2- En zenginler yarım saat içinde ayrı bir binaya toplanacak. Bu binayı merkez taburundan bir takım bekleyecek.
3- Camilerin içindeki bütün eski halılar, antika seccadeler, kıymetli levhalar büyük ve cesur çarımıza, Ferdinand’a aittir. Hepsi ilk vasıta ile Sofya’ya gönderilmek üzere merkez kumandanlığına getirilecek.
4- Şehrin en meşhur ve büyük camisi olan Sultan Camisi’nin mümkün olduğu kadar süratle minaresi yıkılacak ve kapısına “Prens Boris Kilisesi” levhası asılacak. Kubbenin üzerindeki hilal indirilerek yerine Bulgar arması takılacak. Gazi Evrenos Camisi’ne halkalar mıhlanarak ordu mekkârelerine ahır, Halil Paşa Camisi domuz pastırmalarına depo olacak. Katakoz, Süleyman Efendi ve Tarhuncu Muhiddin camileri, lüzumları olmadığından, ta temellerinden yıkılacak. Yarın sabah duası papazlar tarafından bu yeni “Prens Boris Kilisesi”nde yapılacak.

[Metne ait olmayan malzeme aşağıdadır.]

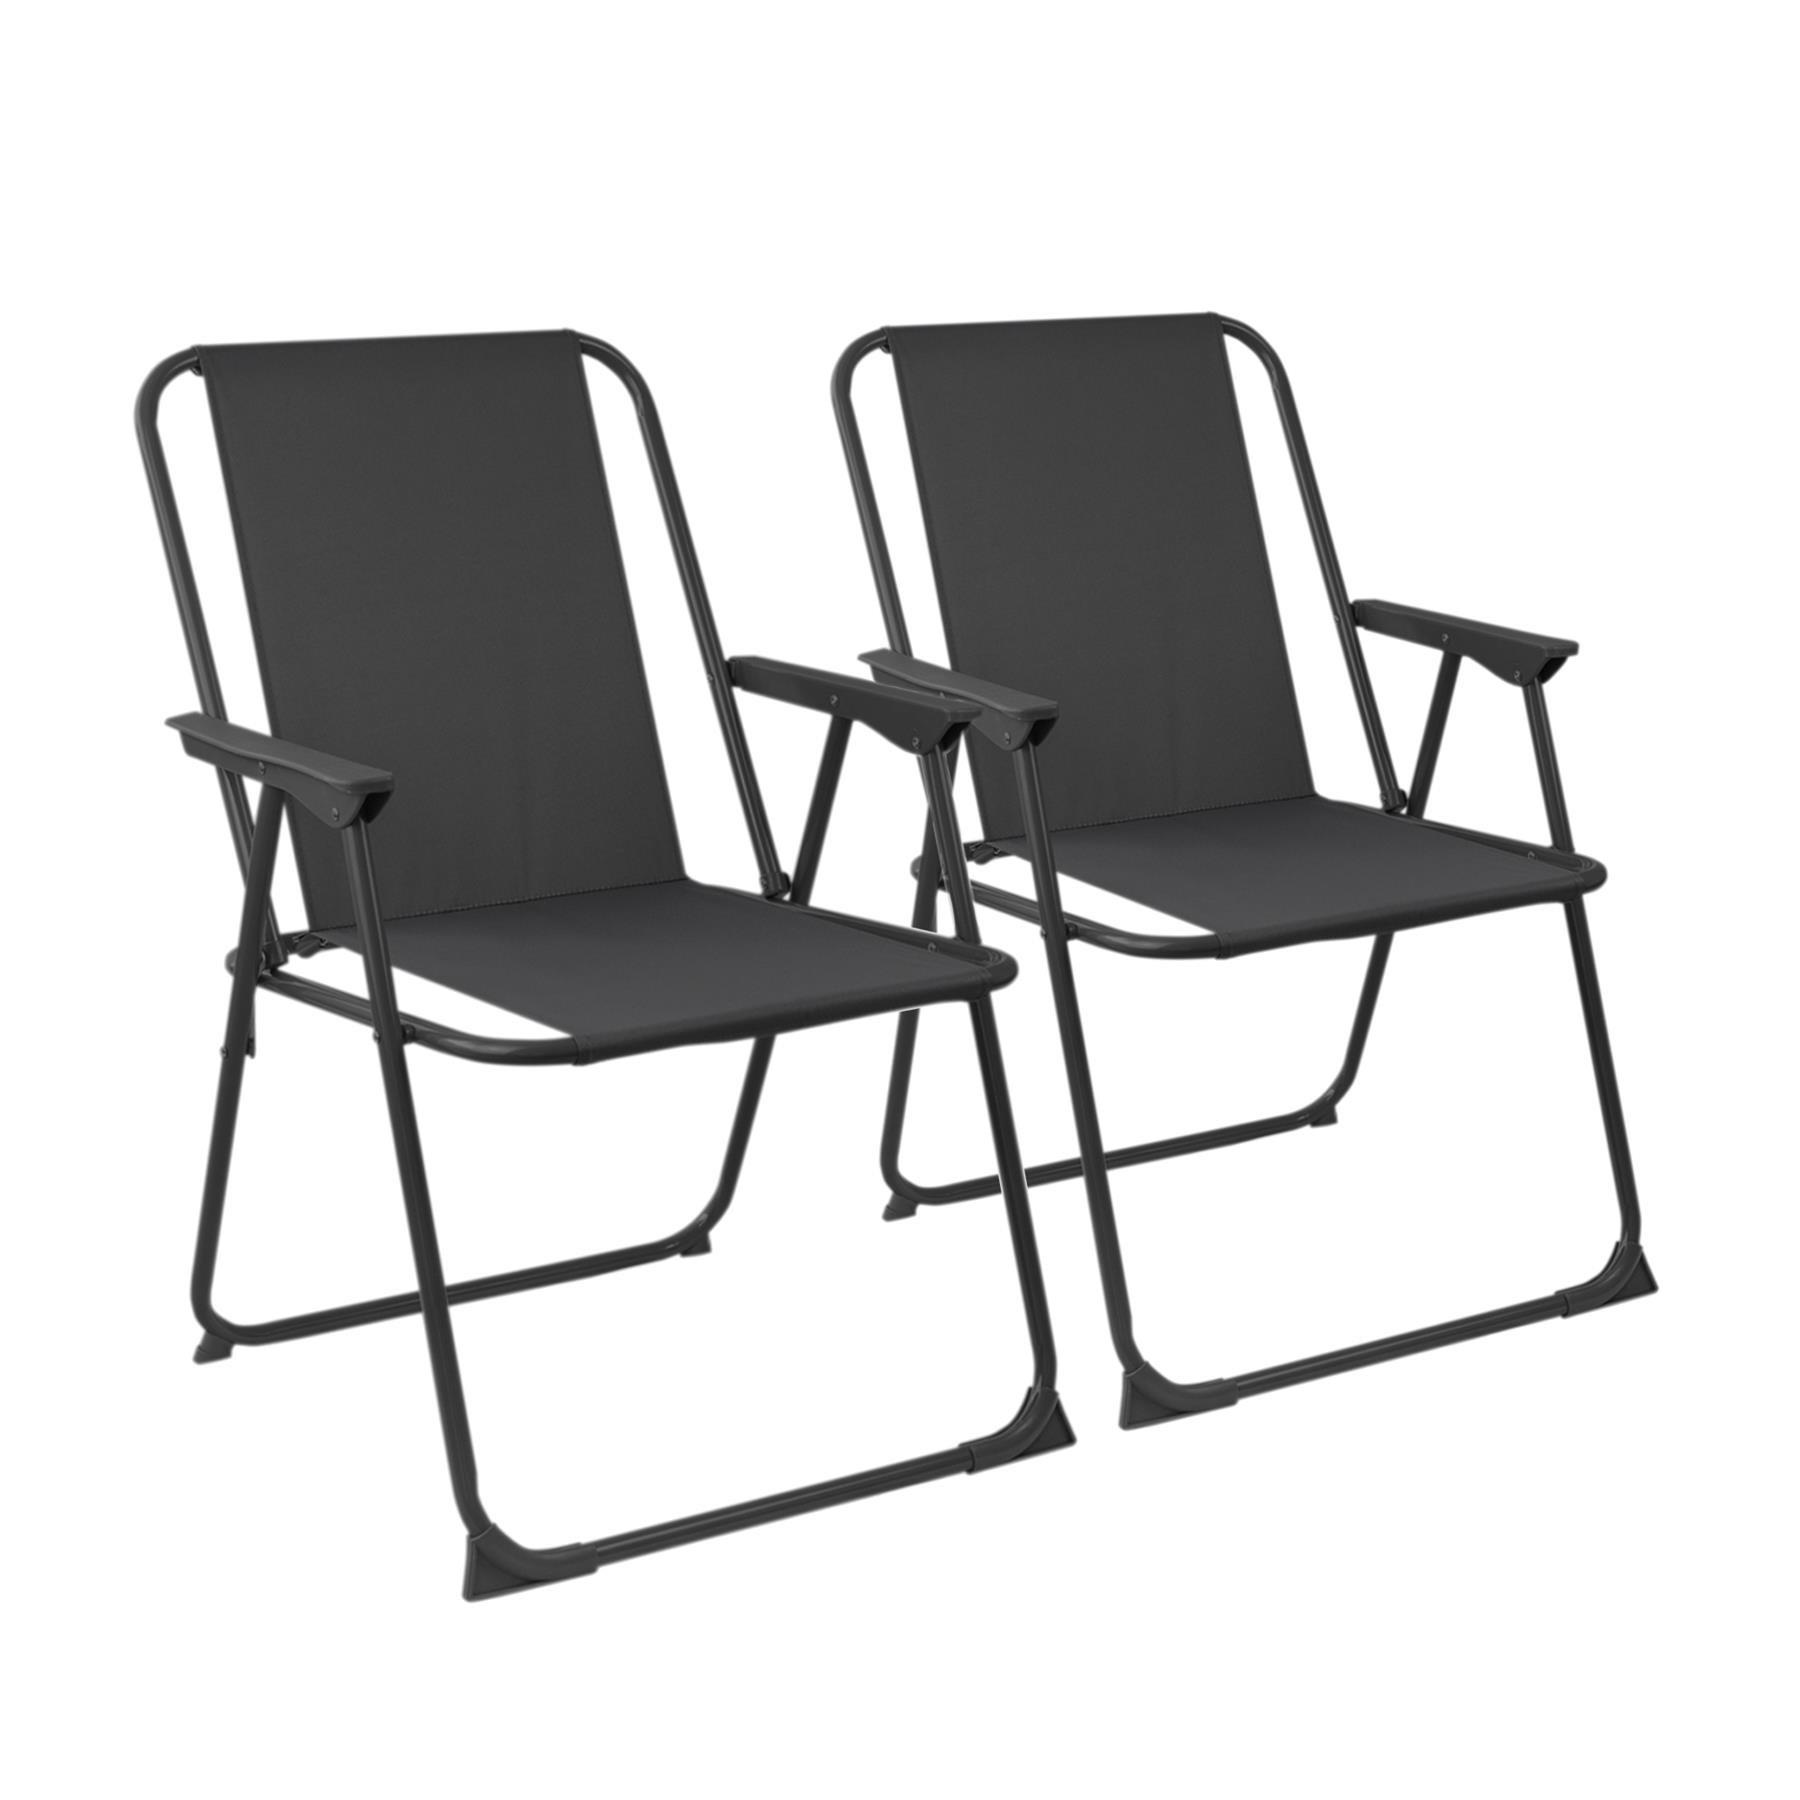 Folding Metal Beach Chairs | Black | Pack of 2 | By Harbour Housewares

5- Her çeteye muavin olarak ikişer manga asker ve birer süvari posta neferi verilecek.
6- Yukarıdaki maddeler icra olunmadan evvel Türk mahallelerinden çabucak yetmiş seksen kadar kadın istintak için toplanacak ve ilk yanan fırına getirilecek.
Radko ayağa kalktı:
“Haydi kardeşler, çabuk olalım, vakit nakittir!” dedi. Komitalar da kalktılar. Radko ayakta, çağırttığı, genç bir Çingene kadar siyah suratlı yaverine, çetelere karıştırılacak mangalar ve süvariler için emrini verdi. Dimço çıkarken döndü:
“Kusura bakma Gospodin Balkaneski.” diye gülümsedi, “Kadınlara ne soracaksınız? Zenginlerin kimler olduğunu biz biliyoruz. Biz hepsini toplarız. Paralarını bizden saklayamazlar.”
Radko hiddetlenerek cevap verdi:
“Sen bunamışsın! Sen bir tarafa çekil de rahatına bak. Kadınları para tahkiki için toplamıyorlar. Orduda generaller, miralaylar, kumandanlar var. Onlara yarın gece kız lazım, kadın lazım, eğlenme lazım. Neferler, onbaşılar, çavuşlar, zabitler keyif çatsınlar da onlar Katolik papazları gibi pineklesinler mi? Şehrin en güzel kızları onlara ayrılacak. Şehrin en güzel kızlarının hangileri olduğunu nasıl bileceğiz. Her mahalleden gelecek kadınlara soracağız. Ona göre ayırıp tertip edeceğiz. Tabii her şeyde intizam, her şeyde sıra ve saygı gerek.”
Dimço Kaptan sesini çıkarmadı. Selam verdi, kapıdan çıktı ve yavaş yavaş vazifesinin başına, fırını yaktırmaya yollandı.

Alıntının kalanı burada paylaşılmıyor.